*Por Osmar Gomes dos Santos
Gostaria de começar dizendo que vivemos no país das maravilhas, dada as riquezas, abundância e calor humano como visto em poucos lugares do mundo. Mas da mesma forma que nossas qualidade sobressaltam, também o fazem nossas mazelas.
Constatei recentemente, pela televisão, uma situação que me chocou, embora seja corriqueira em todo país. Após meses de espera, um idoso conseguiu marcar a sua consulta, mas esta era apenas a primeira etapa de sua peregrinação, pois ainda havia pela frente quase seis meses para que a consulta aconteça de fato, início de 2023.
Tal situação causou espanto por dois motivos. O primeiro, é que não podemos tomar como normal tal fato em um país que, na teoria, possui um dos melhores sistemas de saúde. Segundo, é que a morosidade da espera e o prazo ainda mais longo para a consulta é algo que foge a qualquer razoabilidade.
Fiquei a imaginar o que será deste mesmo idoso caso venha a necessitar de alguma intervenção cirúrgica. Qual não será o tempo ainda por aguardar para que tal intervenção se concretize e devolva a ele a saúde plena. Quanto tempo terá se passado? Terá ele todo esse tempo?
Estabeleci um paralelo com nossa realidade cotidiana. Vi que o brasileiro enfrenta fila até para nascer, quando as mães, a depender da prioridade, entram na fila para que possam dar a luz. Começa aí a jornada que o acompanhará, muito possivelmente, por toda a vida.
Logo vêm as filas para as vacinas, mesmo tendo um dos melhores sistemas de vacinação do mundo. Ainda na tenra idade, o pequenino ou a pequenina entrará para uma fila de vagas para ingresso nas creches e escolas da rede pública de educação, em alguns casos, até na rede privada.
As filas para atendimento, consultas, exames e procedimentos médicos também chegam cedo. Não podemos esquecer que há fila também para receber alguns medicamentos distribuídos pelas redes públicas de farmácias. Ainda falando de saúde, a pessoa poderá se deparar com uma longa e demorada fila para receber um órgão em doação.
Tal situação remonta um quadro cuja conta não fecha. Todos os anos, centenas de milhares de pessoas perdem a vida por motivos diversos, grande parte são de doadoras. Noutra ponta, há pessoas necessitando de um órgão para que possa seguir vivendo, mas o tão esperado telefonema não chega.
Sem trocadilhos, situação muito similar à da doação é a da adoção. O cadastro nacional, mantido pelo Conselho Nacional de Justiça, mostra que quase 4 mil crianças aguardam uma nova família, dentre as mais de 33 mil que pretendem realizar a adoção. Crianças que continuam na fila.
Não posso deixar de fazer mea-culpa sobre o Judiciário, que tem investido e avançado no aprimoramento dos serviços, mas que, devido à complexidade de todo sistema de Justiça, também já foi alvo de críticas pelo tempo na espera de solução das lides. Estamos progredindo, fazendo, cada vez mais; bem e depressa, como diz o lema atual.
Não bastassem as filas que nos fazem perder tempo em pé, existem, agora, as filas virtuais. Mais uma novidade advinda com a modernidade. Esperamos dezenas de minutos, algumas vezes mais de uma hora, pelo atendimento via telefone ou chat. A lei diz que não pode ultrapassar um minuto.
Tem filas das quais não podemos fugir, isso é fato. Elas existem para regular relações no dia a dia e assegurar o ordenamento entre os comuns. São as filas das portas das escolas, do supermercado, da padaria ou da farmácia, por exemplo.
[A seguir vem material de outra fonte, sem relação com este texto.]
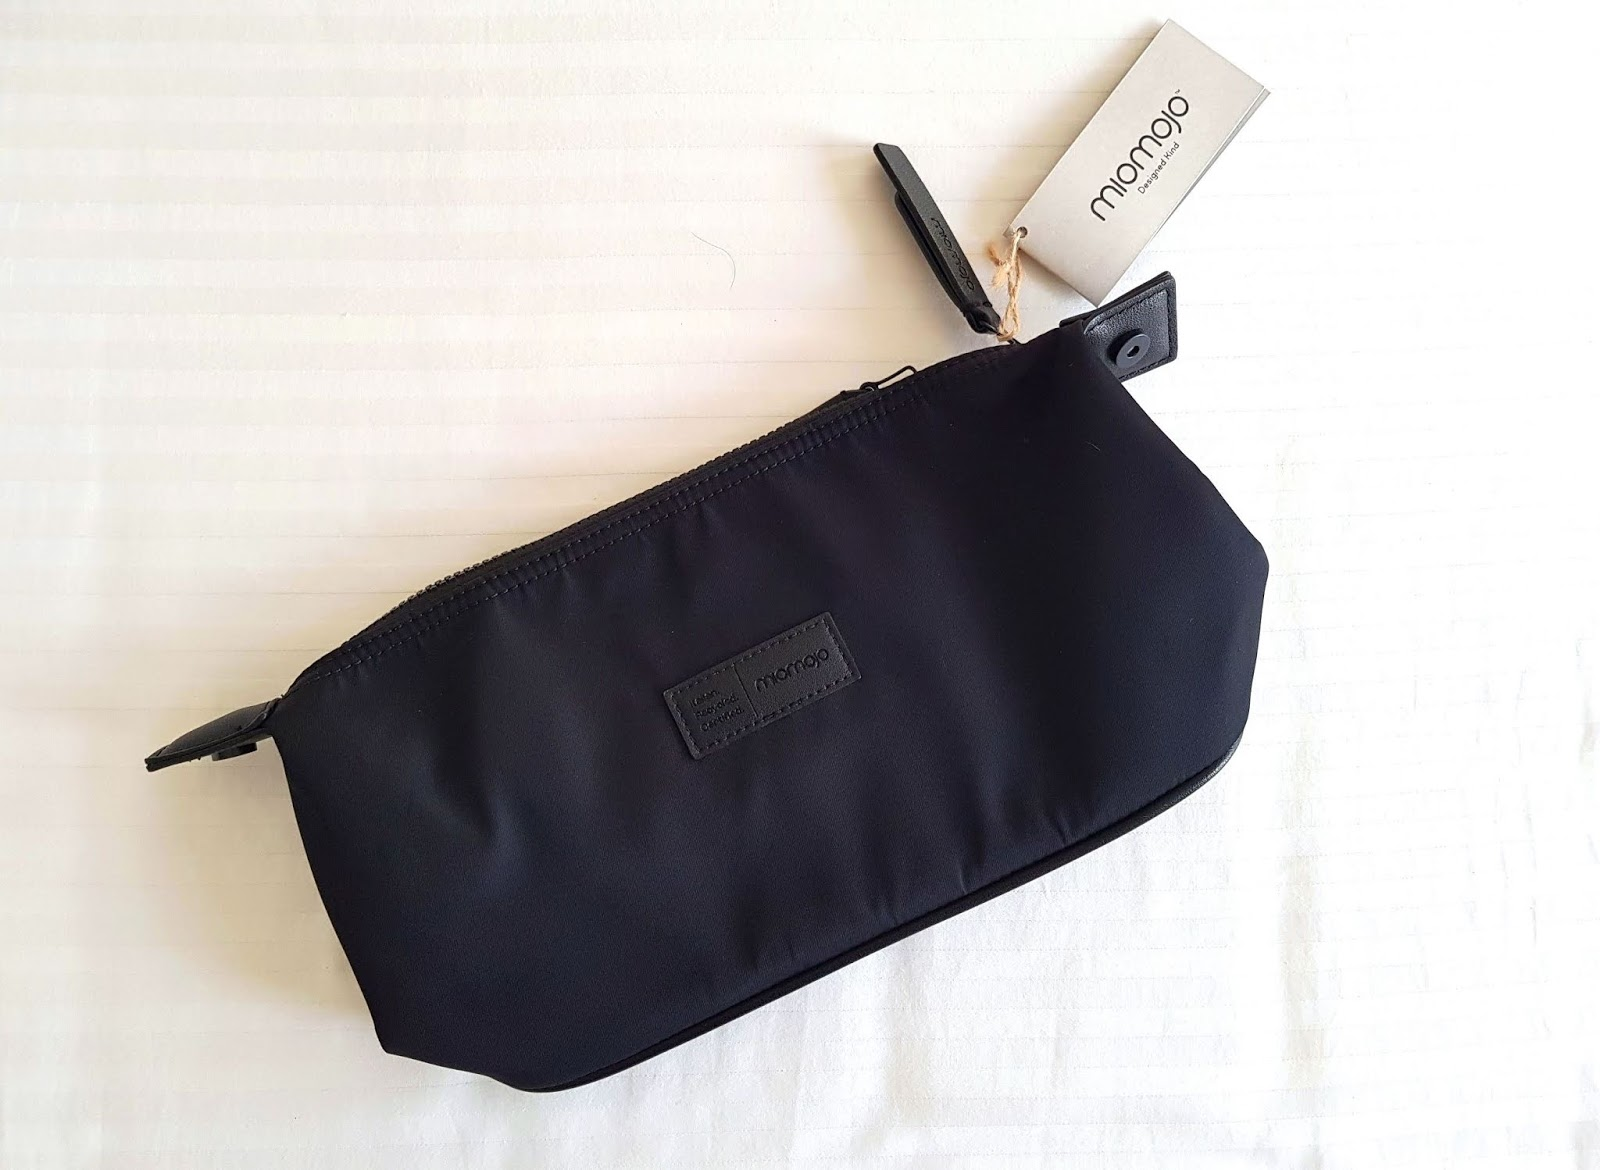 Sustainable ecofriendly bags - Vegan bag Miomojo eco friendly cosmetics case

Todavia, precisamos respeitar, pois são contratos sociais firmados e aceitos.
Por outro lado, há filas que precisam ser eliminadas em definitivo, a exemplo das filas bancárias, da perícia do INSS. Mais do que expor o Brasil ao mundo, submete as cidadãs e os cidadãos de um país com altíssima carga de impostos a situações no mínimo desumanas.
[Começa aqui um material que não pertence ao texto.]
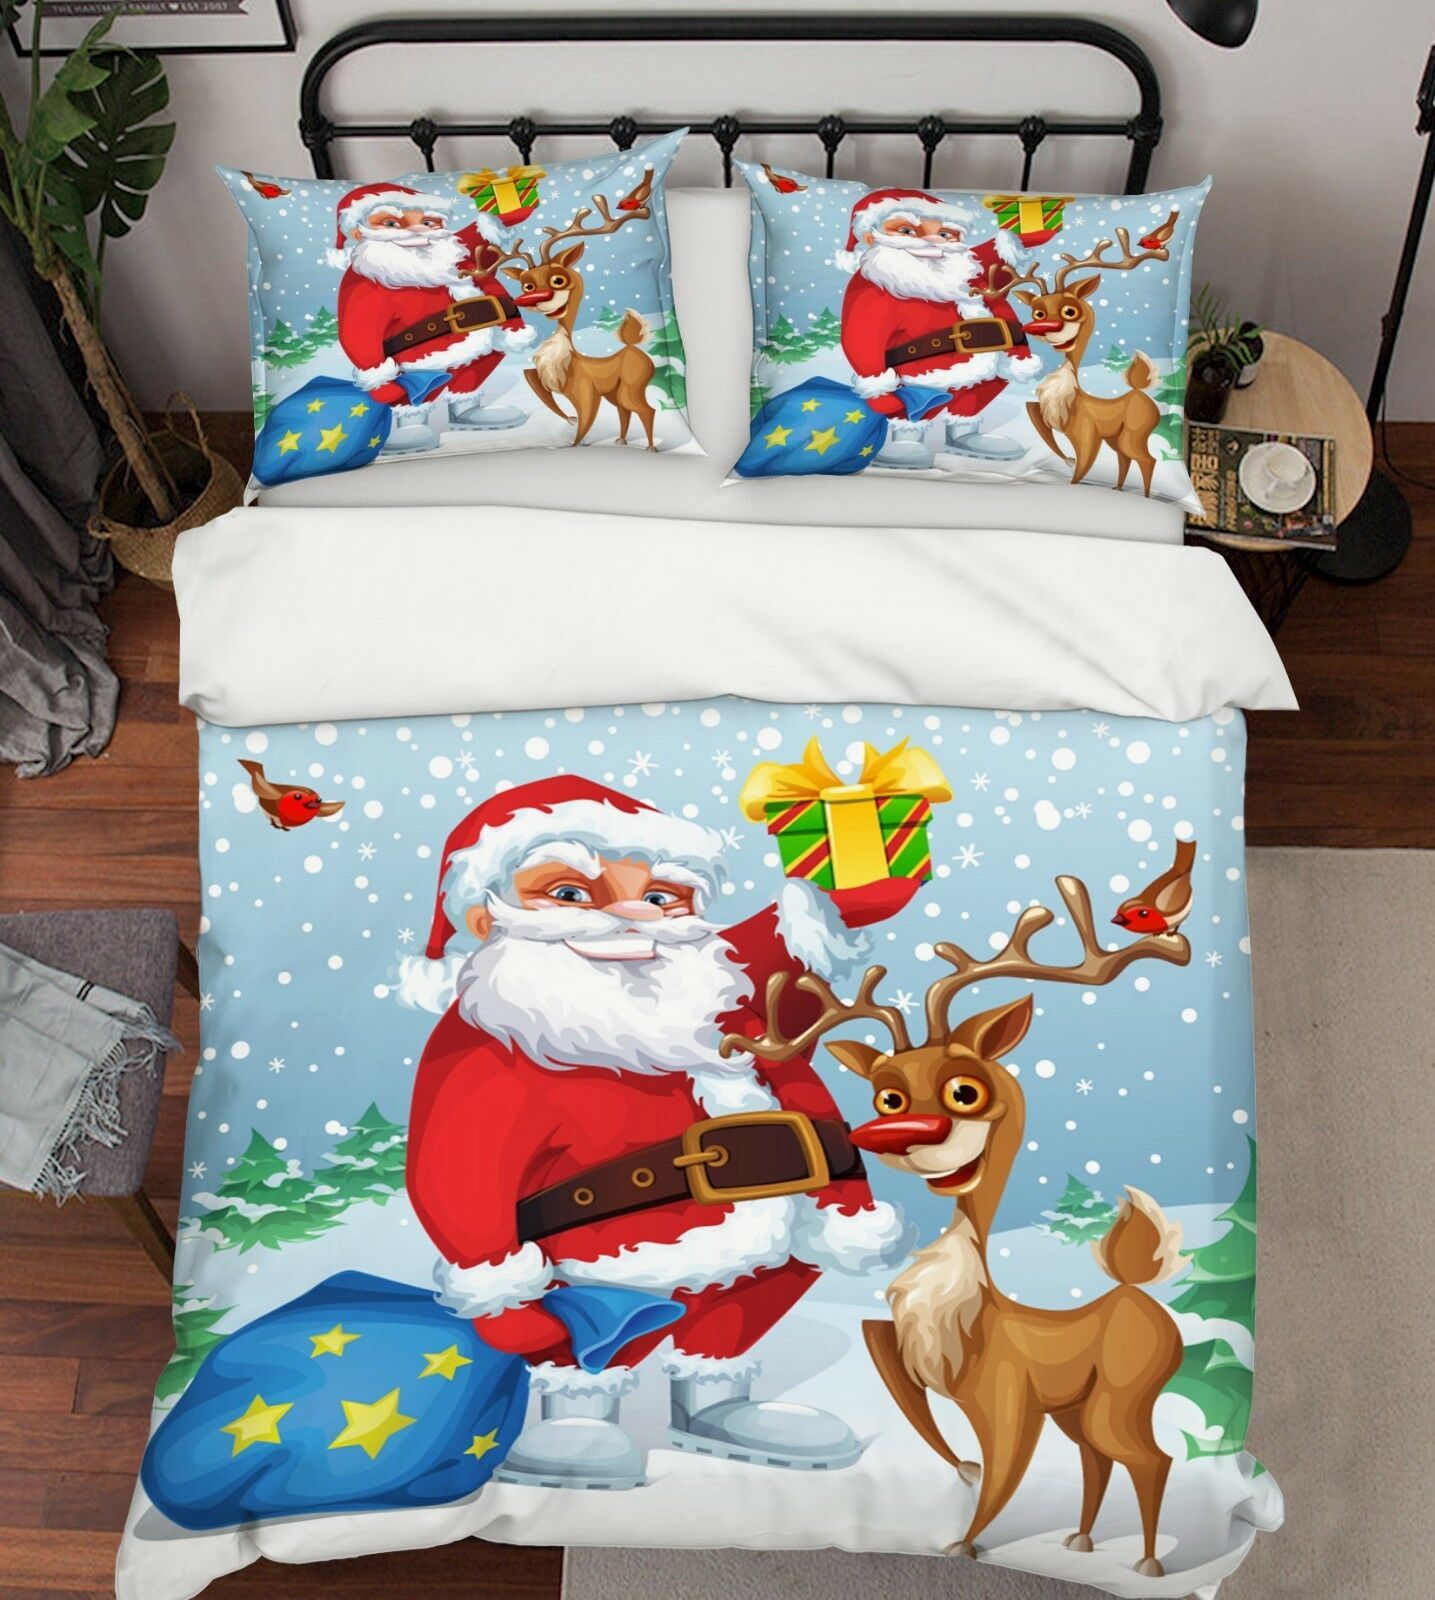 3D Christmas Xmas Paint 71 Bed Pillowcases Quilt Duvet Cover Set Single Queen UK

A solução para tais problemas certamente passa pela formulação de políticas públicas eficazes. A tecnologia já se mostrou grande aliada, daí porque não se justifica um cidadão passar noites em claro nas filas das centrais de marcação de consulta. Serviços essenciais à sociedade já deveriam estar na palma da mão.
Em um país em que as filas parecem se tornar parte do cotidiano, fiquemos com aquelas pactuadas e que contribuem para o bom funcionamento da sociedade. Busquemos, em definitivo, solução para aquelas que asseguram direitos, saúde, vida da população.
*Juiz de Direito da Comarca da Ilha de São Luís.Membro das Academias Ludovicense de Letras; Maranhense de Letras Jurídicas e Matinhense de Ciências, Artes e Letras.